30,000 petals close to each other form an armchair. This furniture can’t be real, it was said when the first pictures appeared. It was originally just a part of the Hortensia virtual furniture collection by designers Júlia Esqué and Andrés Reisinger from Barcelona. Buyers can integrate it into virtual worlds. But then came requests for real chairs. Esqué and Reisinger are now collaborating with Dutch interior design studio Moooi. Modern laser technology makes it possible to produce flower petals from fabric.
The example shows that objects that are based on reality appear in virtual worlds and computer games. But it also works the other way around. An extreme case is Richard Garriott. The inventor of the “Ultima” series, one of the pioneers of computer fantasy games, built the complex of buildings Britannia Manor in the 1980s – with traps and secret passages just like in his fantasy worlds.
The Reisinger armchair shows that it is even closer to the common needs of people. The designer sees tables, chairs and sofas more as part of a social code: “I don’t know how Metaverse will affect habits, but I think it will change such social codes.”
Metaverse is a kind of three-dimensional Internet, a world in which you can immerse yourself with the help of special glasses. There you can explore digital spaces, meet other people, but also shop. The boundaries are blurring more and more – even when it comes to interior design preferences.
Everything will be a little crazier
Sebastian Klöß, Head of Consumer Technology and AR/VR at digital association Bitkom, explains that these are still isolated cases, but more efforts are being made to recreate ideal lifestyles in virtual worlds: “It’s different with fashion, where transfer of virtual reality models are already very strong.”
This industry in particular also uses Metaverse as a template for their stores. This spring, Benetton used the design of its Metaverse online store as a model for its store on Corso Vittorio Emanuele II in Milan – and designed the store in pink. “We are creating the same emotional ecosystem in physical retail as is available in the Metaverse virtual store,” said CEO Massimo Renon.
Last year, the luxury brand Louis Vuitton, otherwise known for its elegant look, designed its showroom in Japan with bright and playful colors. Loud colors and color combinations are a feature of Metaverse’s design, says interior designer Karsten Ermann: “I can imagine that more colors and more unusual color combinations will also be used in our homes during the development of Metaverse” .
What role does copyright play?
“Mars House,” a digital building by artist Krista Kim, which found a buyer for about US$500,000, will be on display at Palazzo Strozzi in Florence until July 31. If an exhibition visitor wants to transfer the concept to reality, companies are already available.

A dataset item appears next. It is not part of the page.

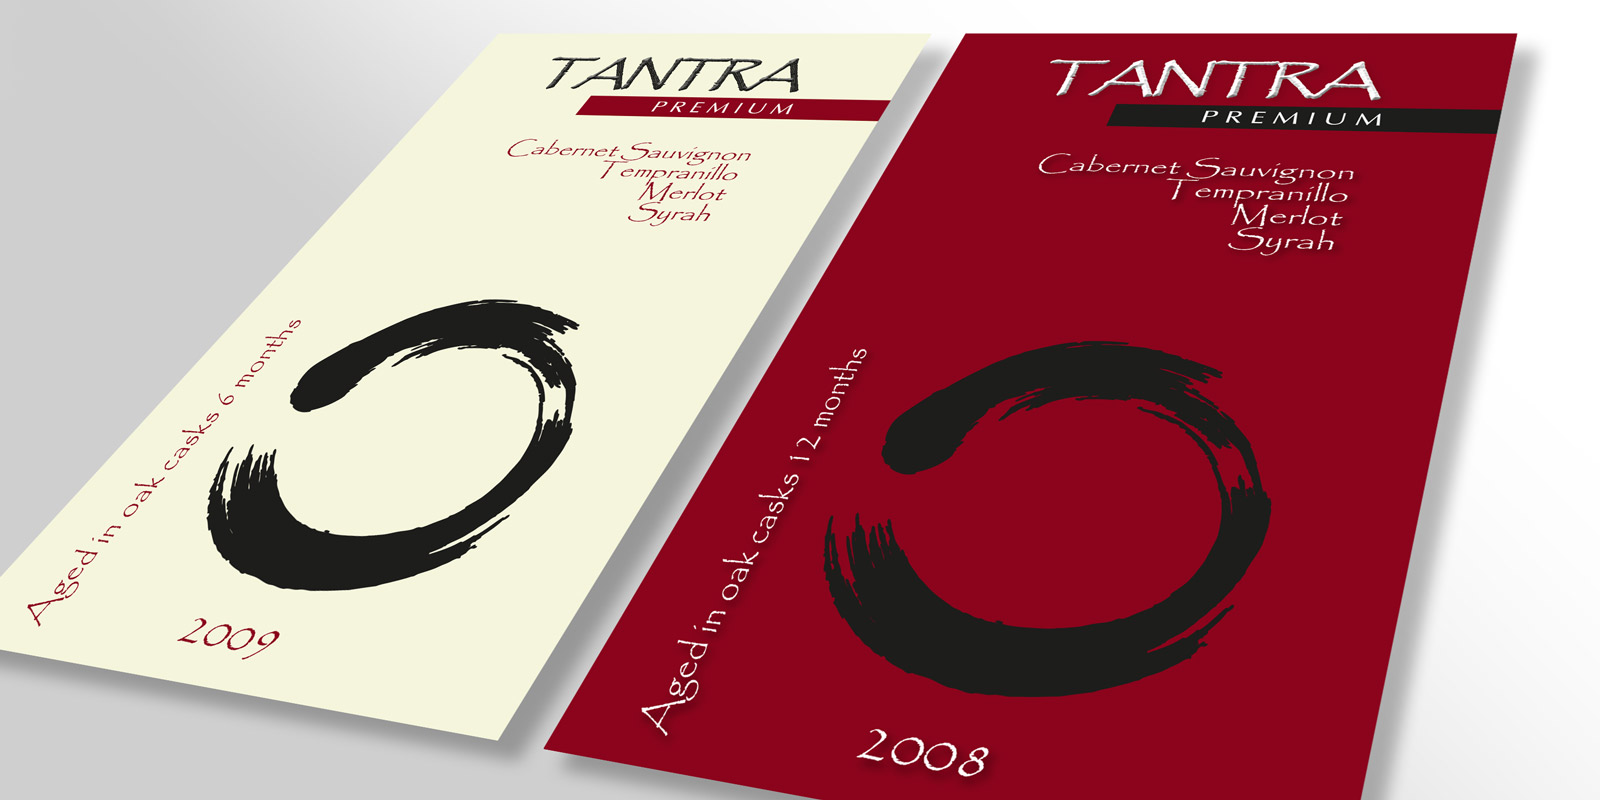 Portfolio of graphic and creative design works on wine labels and packaging for Spanish wine: TANTRA for wines and wineries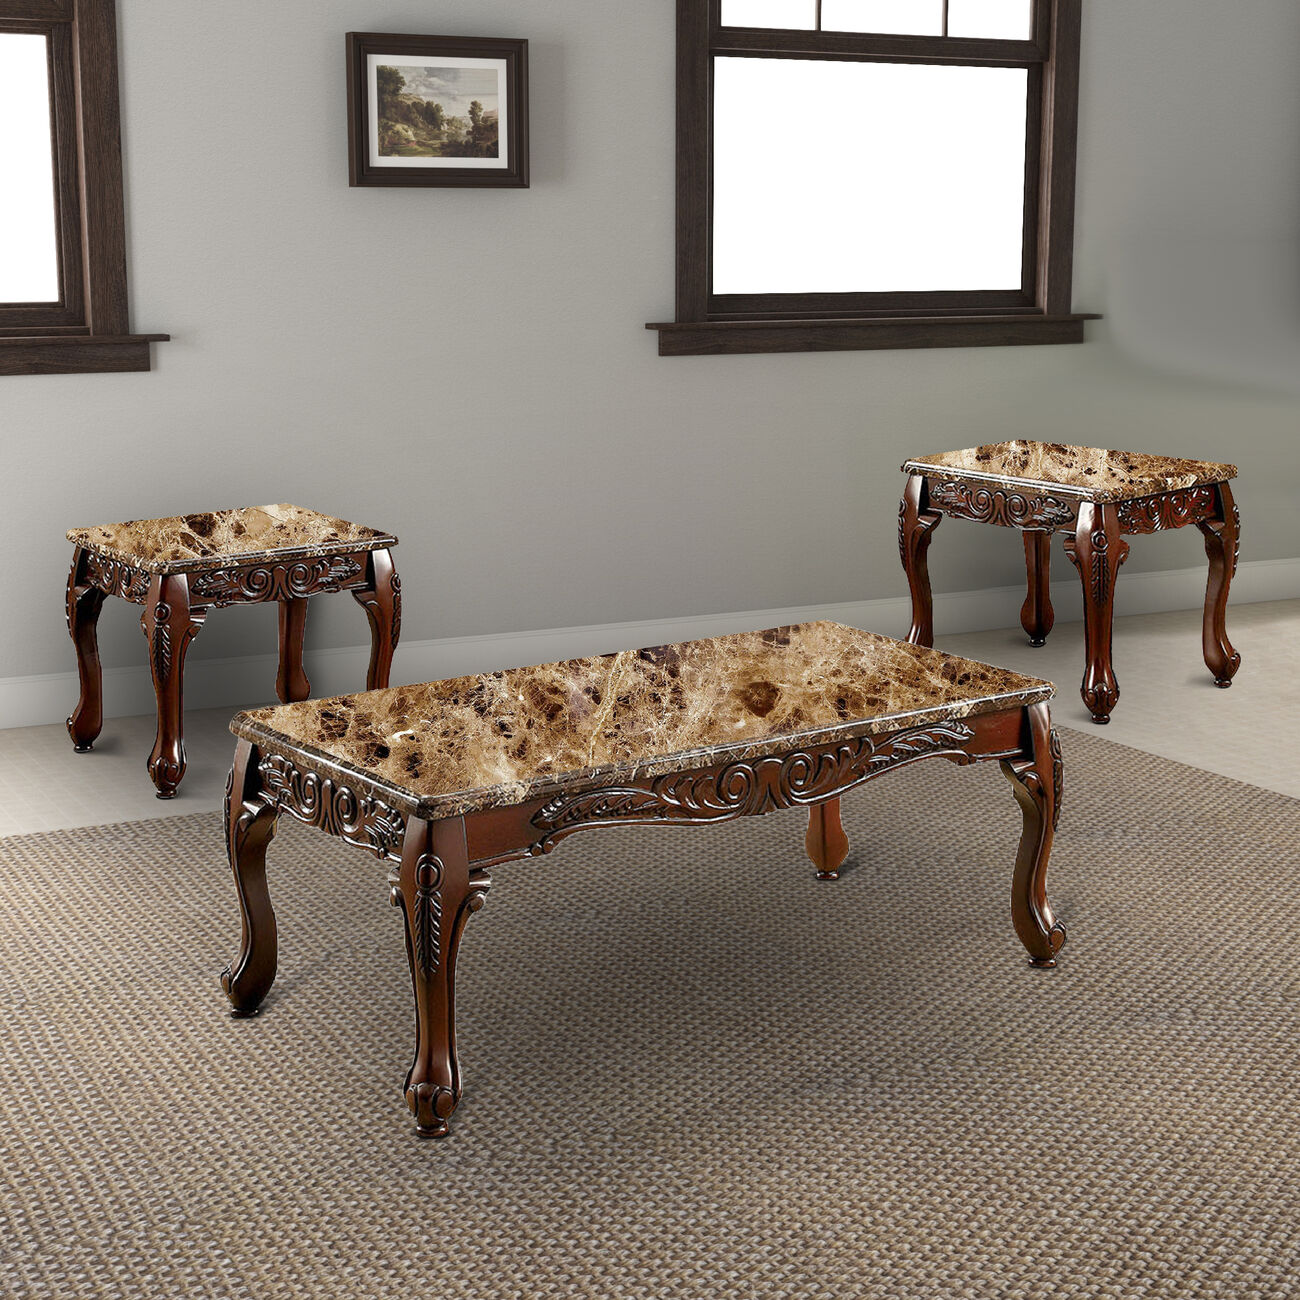 3 PIECE TABLE SET With Marble Table Top, Dark Oak Brown

It’s not always like that. If you see a piece of furniture in a computer game that you like, you usually must have made it specifically. It could be a chair or tapestry from a fantasy or sci-fi epic, a modern kitchen from The Sims, a garden, or even a specific architectural form.
However, here the consumer may encounter legal obstacles. As long as you make objects for yourself, there are no legal problems, says Christian Wenzler, general manager of the Bavarian carpentry trade association in Munich: “As soon as a company does this commercially, copyright becomes a problem. ” He advises to clarify in advance. Otherwise, he recommends that members of his association reject customer requests.
In fact, copies are only a temporary solution. Because the next generations of virtual and augmented reality glasses (VR and AR) allow other approaches. A virtual chair is no longer repeated as with Moooi. “Instead, there is a simple chair in the room on which a design is projected,” predicts Bitkom expert Klöß.
Theoretically, it would even be possible to represent only walls and doors virtually
The same goes for cabinets, tables and other furniture. “With the glasses, for example, everyone in the family can determine for themselves where and in what size which picture is hanging on the wall,” says Klöß. In combination with a smart watch or a fitness tracker, wall colors and lighting can also be individual and have a calming or stimulating effect depending on the situation. Theoretically, it would even be possible to represent only walls and doors virtually. “But I don’t know how opaque they would actually be,” says Klöß.
Greg Madison went one step further. He is a designer at Unity Technologies, a company that, among other things, has developed a programming platform for computer games. He turned his apartment into a computer game. If he puts on his VR glasses, the little aliens attack. He can dodge them with different weapons. For example, arrows get stuck in the window frame, aliens seek cover behind pieces of furniture. Then Greg Madison’s apartment becomes a battlefield.